Employers are now using facial recognition software to keep tabs on contract lawyers.

The pandemic forced lawyers used to working in secure offices to instead function from remote locations such as their homes. Their employer firms had to contend with a new problem: How to ensure the security and confidentiality of clients’ sensitive data and documents? Their solution: AI-enabled surveillance of contract attornies using facial recognition software. The lawyers now had a choice: Accept the intrusive systems inside their homes or risk losing the job. (Washington Post)

The Washington Post surveyed 27 such contract attorneys in the US who had agreed to work under these new norms.

How it works

The legal eagle is required to scan their face every morning to ensure reverification of identity for access to documents. The software, which works through the employee’s webcam, records their environment and their facial movements, and can even sound an alert if it catches out the employee taking unauthorized copies of confidential documents, or if an unrecognized person enters the room.

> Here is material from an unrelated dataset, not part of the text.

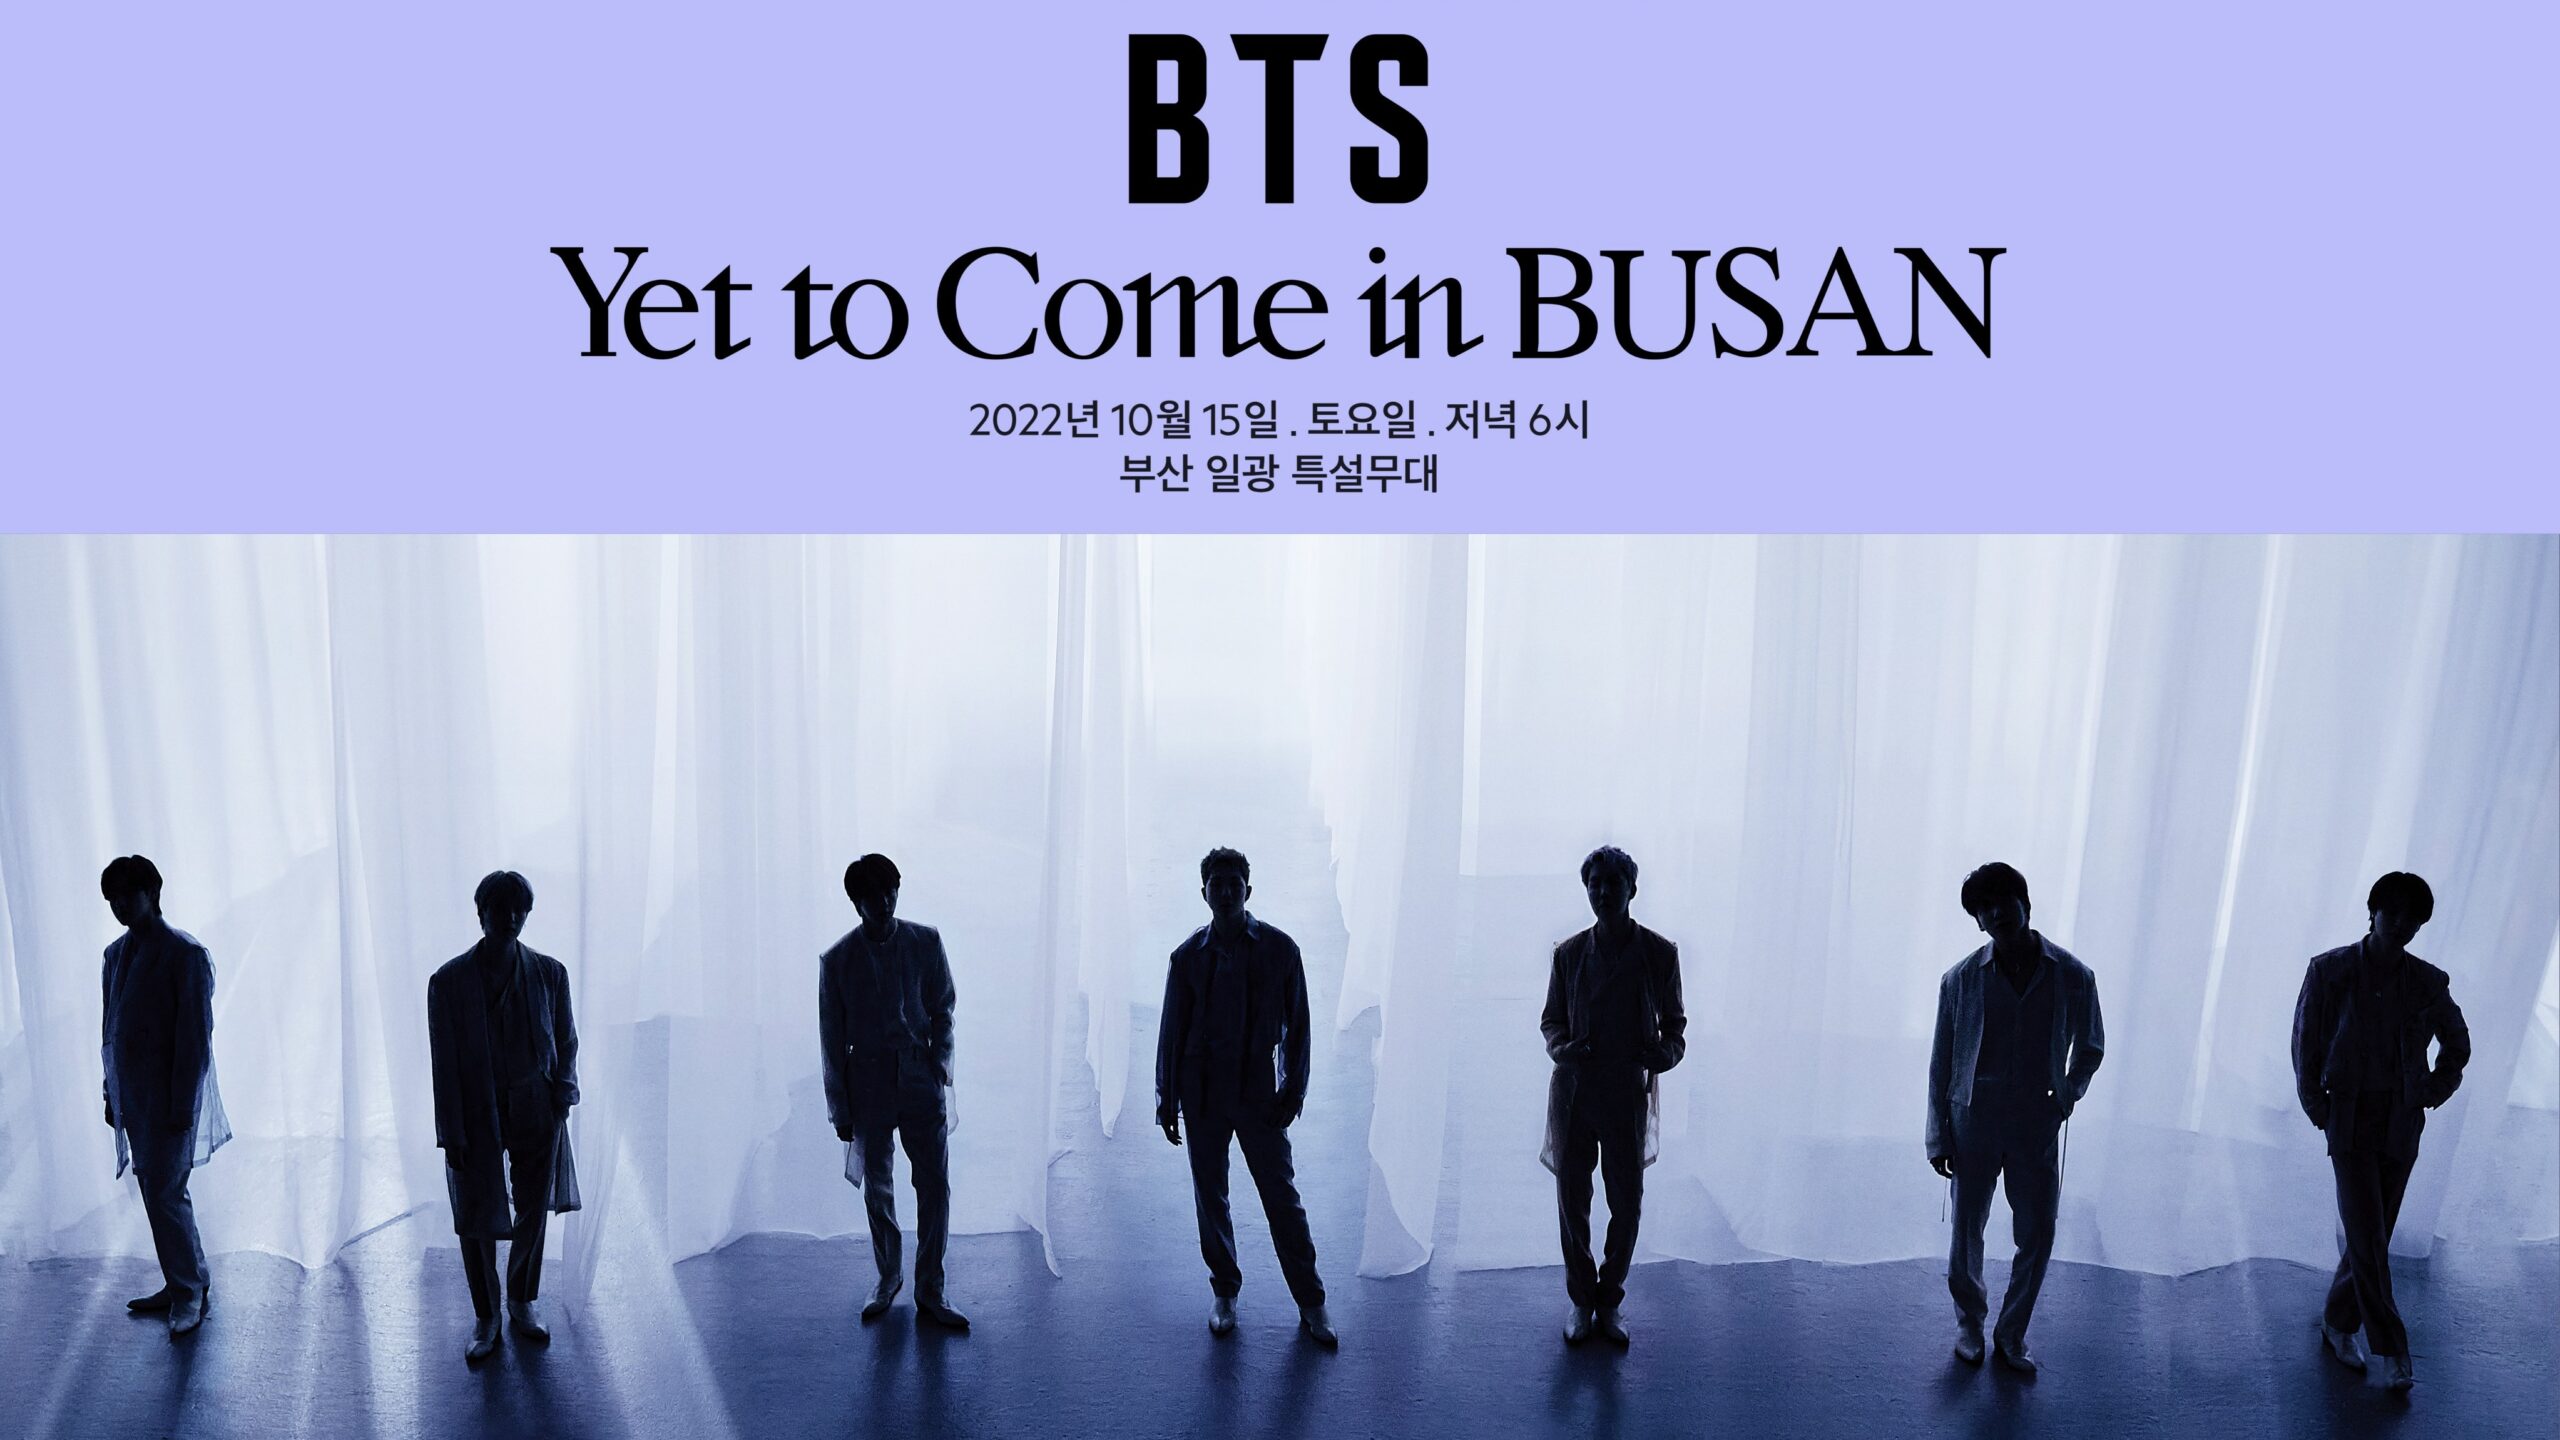 BTS YET TO COME IN BUSAN 会場限定 トレカ テヒョン-

Even a longer-than-usual break from paying attention to the screen is flagged.

RemoteDesk, an “on-demand” monitoring software offered by Verificient Technologies, can log browsing history, record screens, and listen for music or phone calls. It scans the lawyer’s face and room for unauthorized activity such as eating or drinking, and “suspicious” behavior.

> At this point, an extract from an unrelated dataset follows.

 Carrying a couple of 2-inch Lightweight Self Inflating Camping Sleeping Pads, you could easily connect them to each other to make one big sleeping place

In a guide, Verificient wrote that the software identifies “various levels of deceit and misconduct based on the guidelines defined by the corporation.”

RemoteDesk generates data on the worker’s entire online activity for the day, duly classified as productive or unproductive, alongwith a productivity score.

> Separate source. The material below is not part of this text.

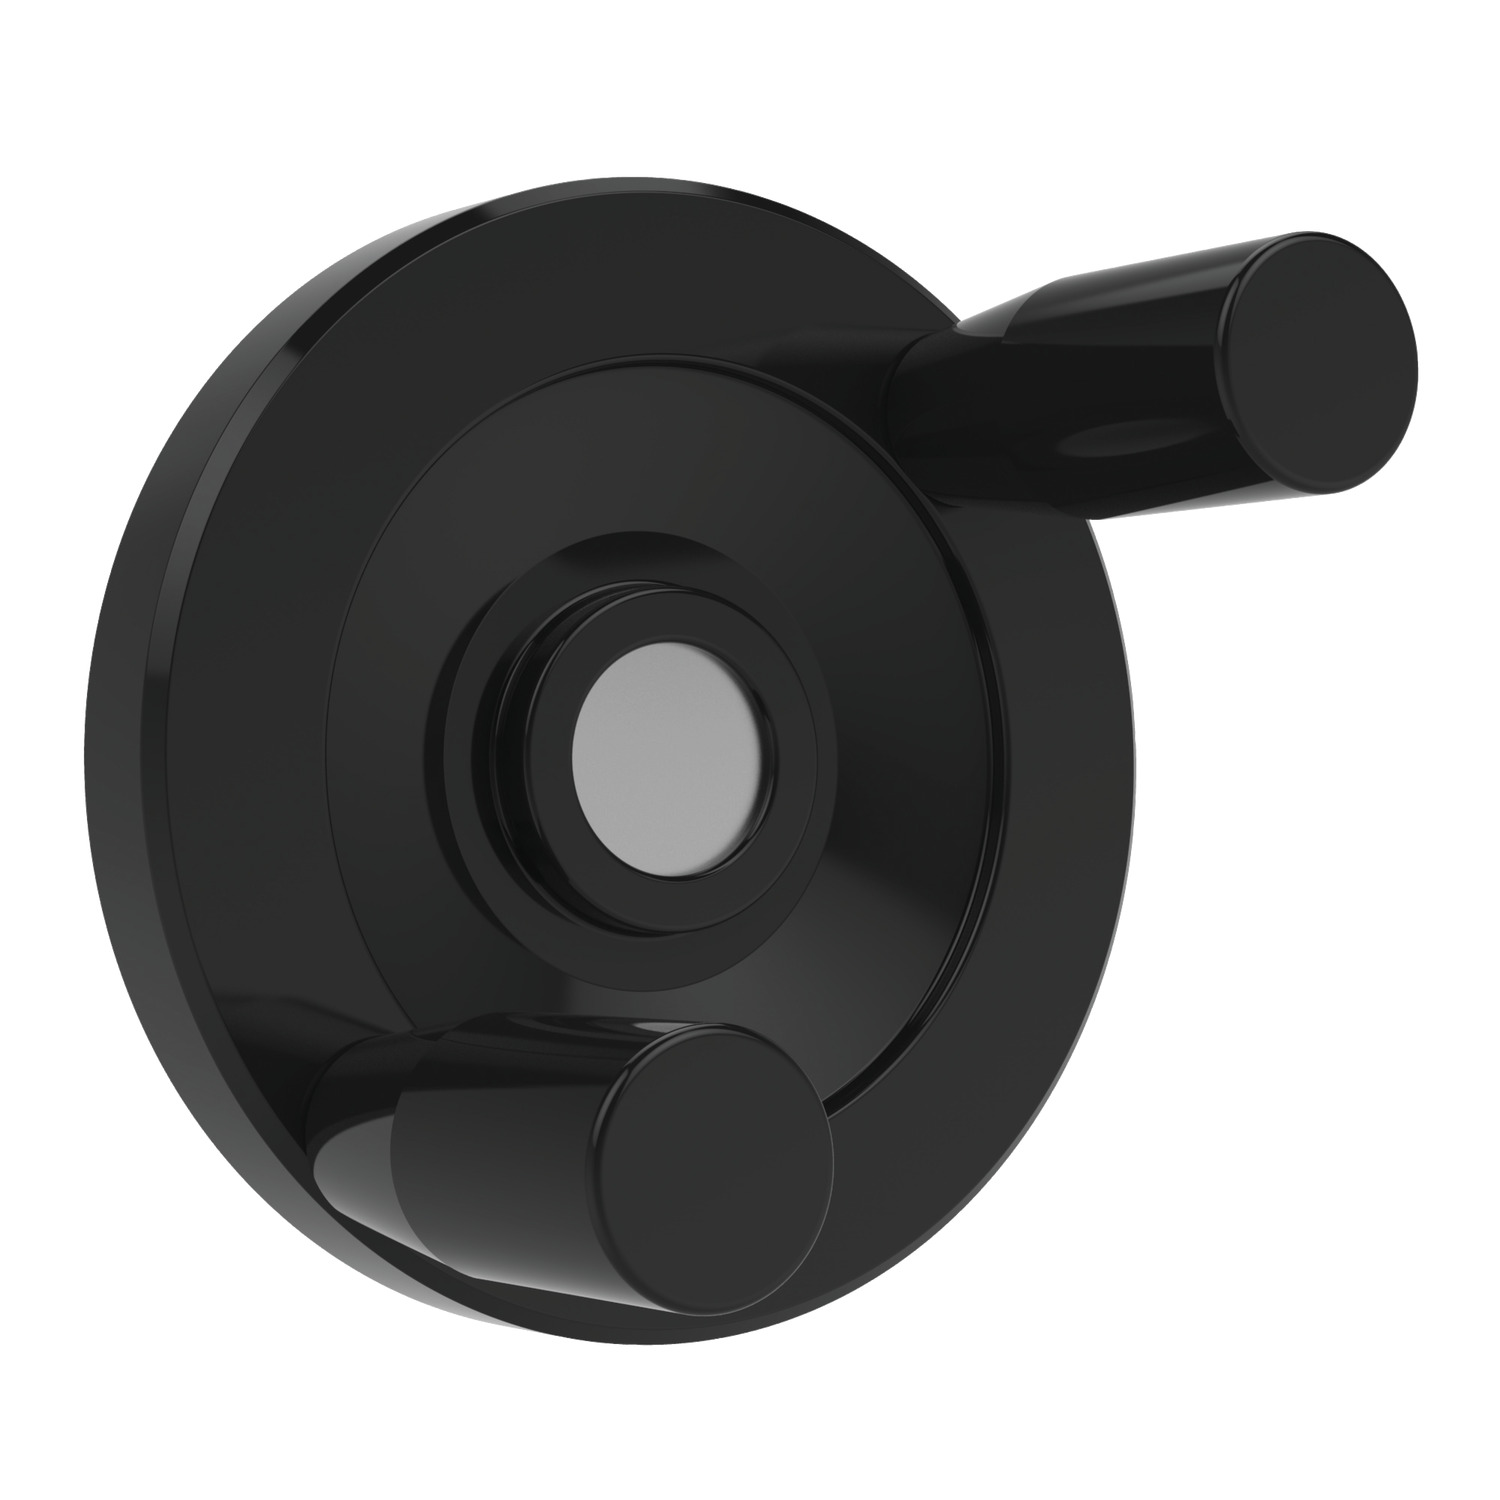 Solid Disc Handwheels Twin fixed handle for increased ease of use. Made with black duroplast.

The software also offers a webcam feed that included snapshots of violations, such as when a worker visited a social media website, made calls or blocked the camera’s view.

Glitches that employees face

The software systems used for surveillance are not without their glitches. Contract lawyers complain that the systems make mistakes in recognition, and people of darker complexions seem to face this problem more than those with lighter skin hues.

Loetitia McMillion, a contract attorney in Brooklyn who is Black, said of the surveil system: “It crashes all the time and says it doesn’t recognize me, and I want to just tell it: Actually, no, it’s the same Black face I’ve had for a few decades now.”

These systems also make errors due to factors such as the room’s lighting or the quality of the employee’s webcam. They are known to have mistaken a coffee mug for a clandestine camera and to book a lawyer for listening to a podcast.

In most cases the employee must re-log into to the system, causing interruptions in their workflow and affecting their productivity.

Privacy concerns

A more sensitive issue is that many employees perceive the surveillance as an intrusion into their privacy, and the implied implication that they are not to be trusted – despite their experience and tenure of service with the employer.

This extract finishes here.